Equally important is ensuring that the CFPB’s structure is designed to be impartial and bipartisan, so that future changes in political leadership do not again threaten the agency’s stability, effectiveness and independence.
SEC withdraws defense of climate-related disclosure rules
As anticipated, the SEC has now formally withdrawn its defense of the climate-related disclosures rule, which had been challenged by states and private parties and was pending before the US Court of Appeals for the Eighth Circuit. Acting SEC Chairman Mark Uyeda, who had earlier hinted at a reconsideration of the agency’s position, confirmed the decision following a Commission vote.
The rules, adopted in March 2024 under the previous administration, would have imposed a comprehensive disclosure regime on public companies, requiring them to detail climate-related financial risks and greenhouse gas emissions.
In a statement accompanying the decision, Acting Chairman Uyeda explained: “The goal of today’s Commission action and notification to the court is to cease the Commission’s involvement in the defense of the costly and unnecessarily intrusive climate change disclosure rules.”
The litigation, consolidated under Iowa v SEC, had already led the Commission to stay the effectiveness of the rules pending judicial review. Briefing was completed before the recent change in administration, but Uyeda’s comments and the Commission’s vote mark a clear departure from the previous leadership’s approach.
Following the vote, the SEC staff formally notified the court that the Commission would no longer advance its arguments in defense of the rules and would cede any allocated time for oral arguments. This decision effectively leaves the fate of the rules to the courts and signals a decisive shift in the SEC’s stance on climate-related financial regulation under the current administration.
Crenshaw further charged that the decision reflects a dangerous pattern of policymaking driven by politics rather than process
The SEC Commissioner Caroline Crenshaw, the agency’s lone Democrat, condemned the Commission’s decision to withdraw from defending the rule. Crenshaw described the move as leaving both the judiciary and market participants in a “strange and perhaps untenable situation.”

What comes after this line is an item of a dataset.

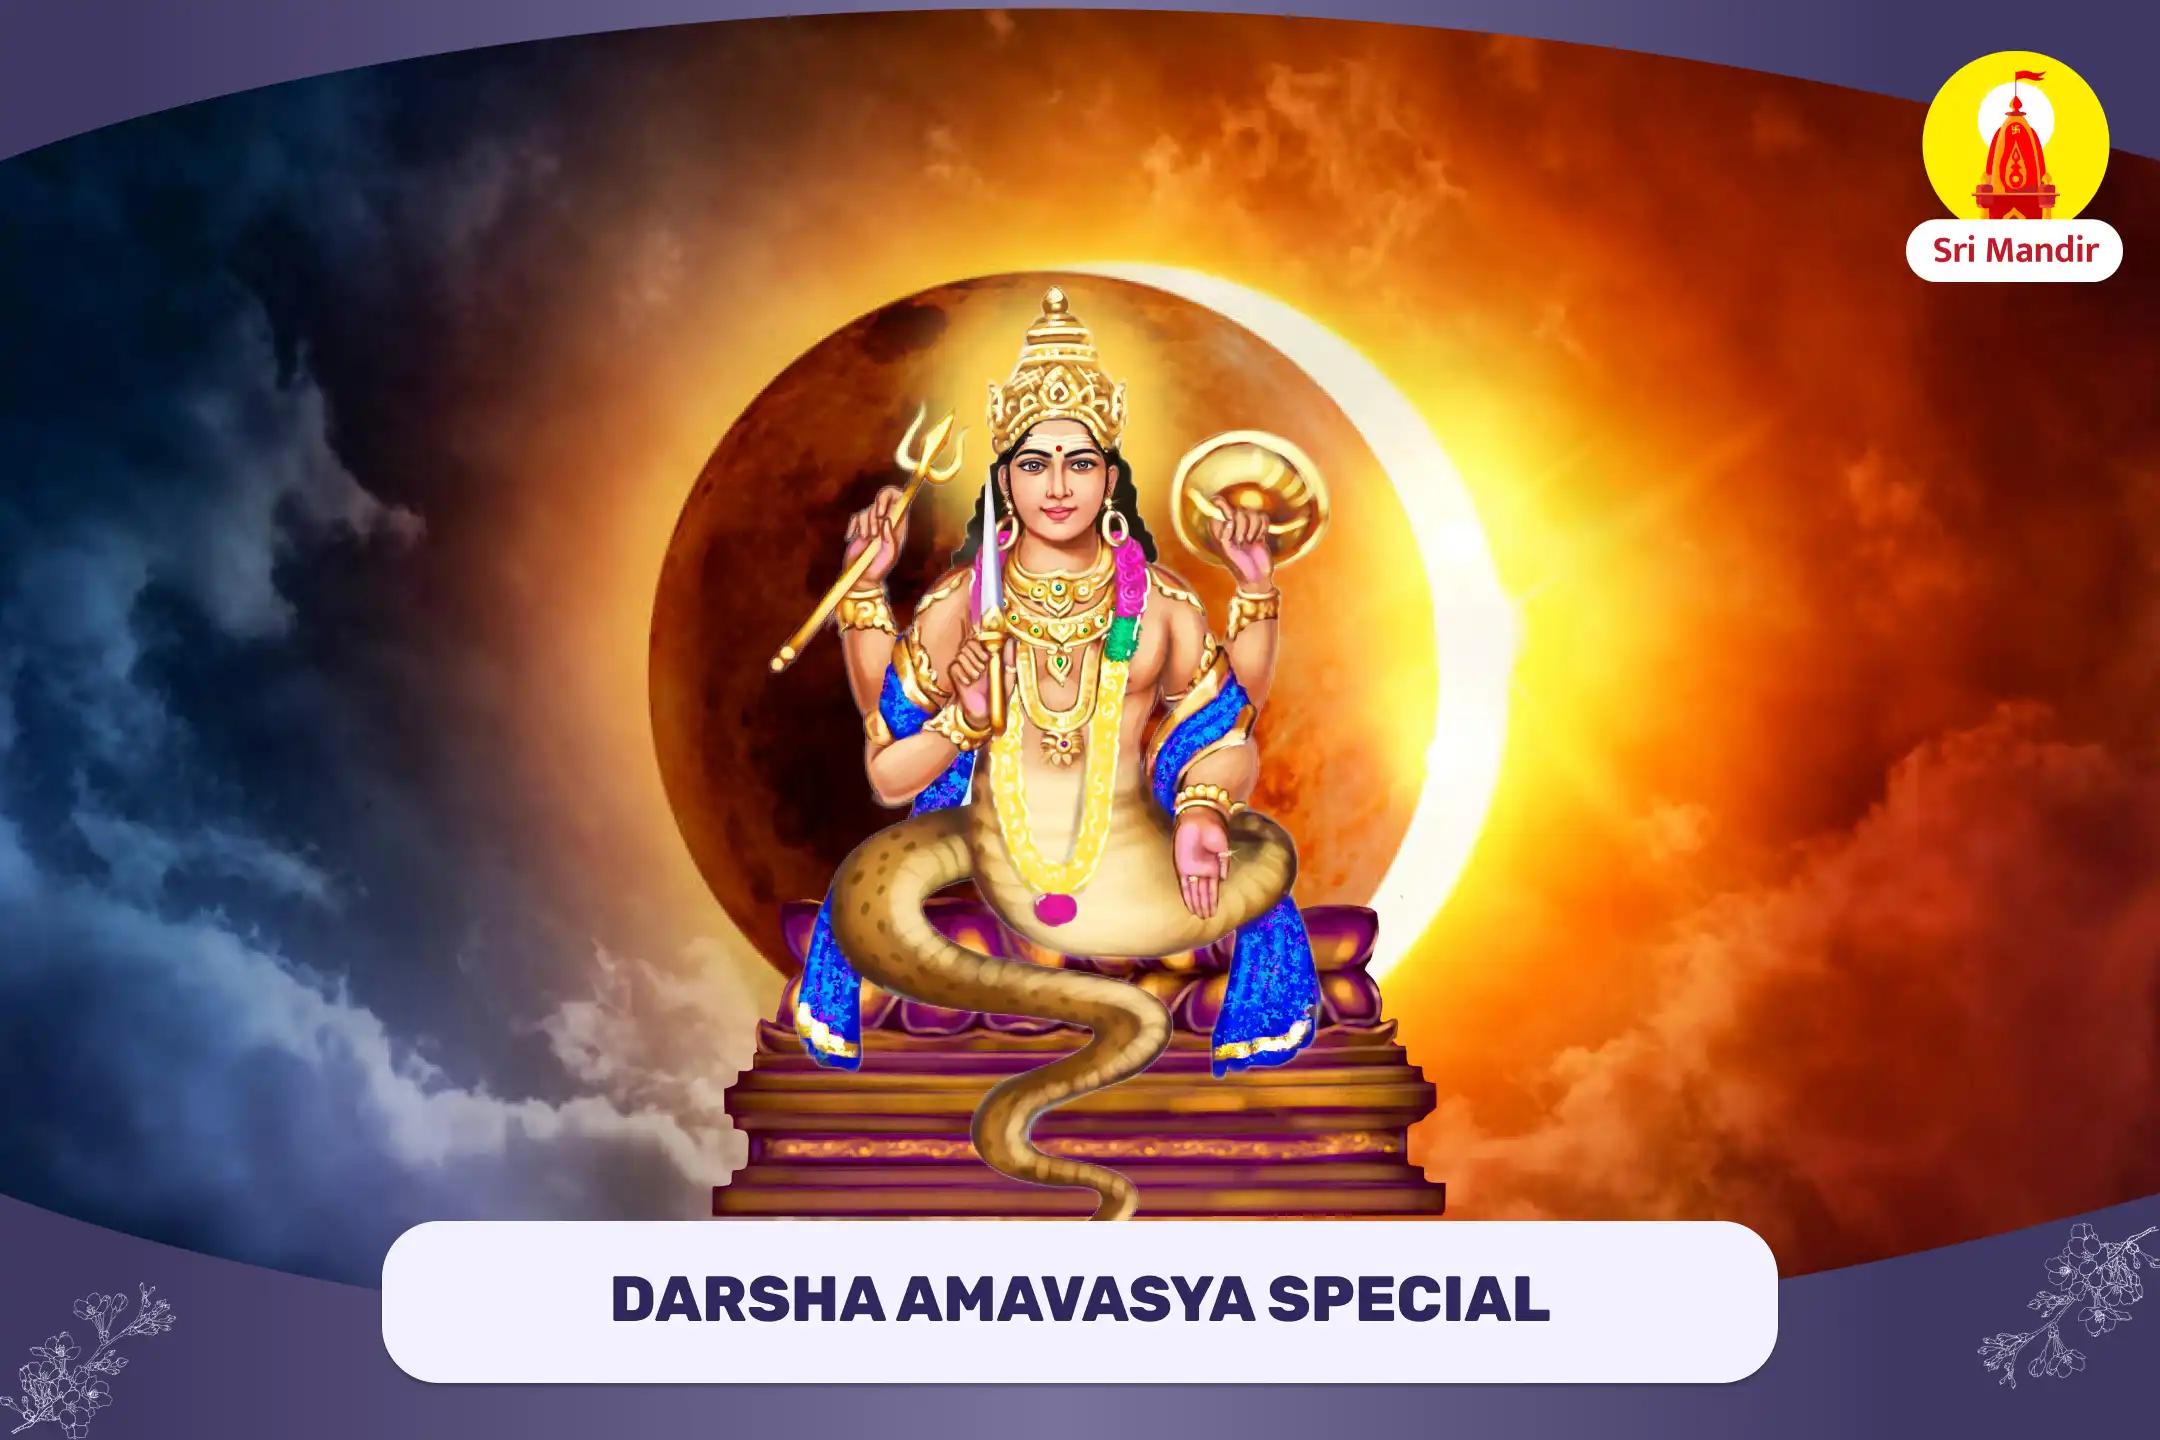 Darsha Amavasya Special Rahu Surya Grahan Dosha Mukti Puja and Rudrabhishek for Relief from Mental Anxiety and Overcoming Challenges

Crenshaw further charged that the decision reflects a dangerous pattern of policymaking driven by politics rather than process. She warned that the Commission is now engaged in “policymaking through avoidance and acquiescence, rather than policymaking through open, transparent, and public processes,” a trend she argued undermines good governance and the SEC’s duty to investors.
Crenshaw criticized the majority for abandoning the rule, not through formal procedures, but via a “backdoor” that she argues violates the Administrative Procedure Act (APA). “There are no backdoors or shortcuts. But that is exactly what the Commission attempts today,” she said.
Crenshaw urged the agency to either defend the rule or formally rescind it in line with APA requirements, insisting: “The Commission should do its job.”
With the SEC stepping back, the defense of the climate disclosure rules falls squarely to Democratic attorneys general from New York, Massachusetts, the District of Columbia, and more than a dozen other states who intervened last year to support the regulations.
These state officials, who have consistently backed the SEC’s authority to require climate-related disclosures, are now the primary line of defense. The litigation remains pending before the Eighth Circuit, which has yet to schedule oral arguments.
With the SEC pulling back and federal efforts increasingly gridlocked, climate-related disclosure mandates are likely to shift decisively to the states. The pending litigation over the SEC’s rules may be just the beginning of a broader trend.
New York has already reintroduced bills that, like California’s landmark climate disclosure laws adopted last year, would impose significant greenhouse gas emissions and climate risk reporting obligations. While these bills are in the early stages and face legislative uncertainty, they are signaling that states are not waiting for Washington to act.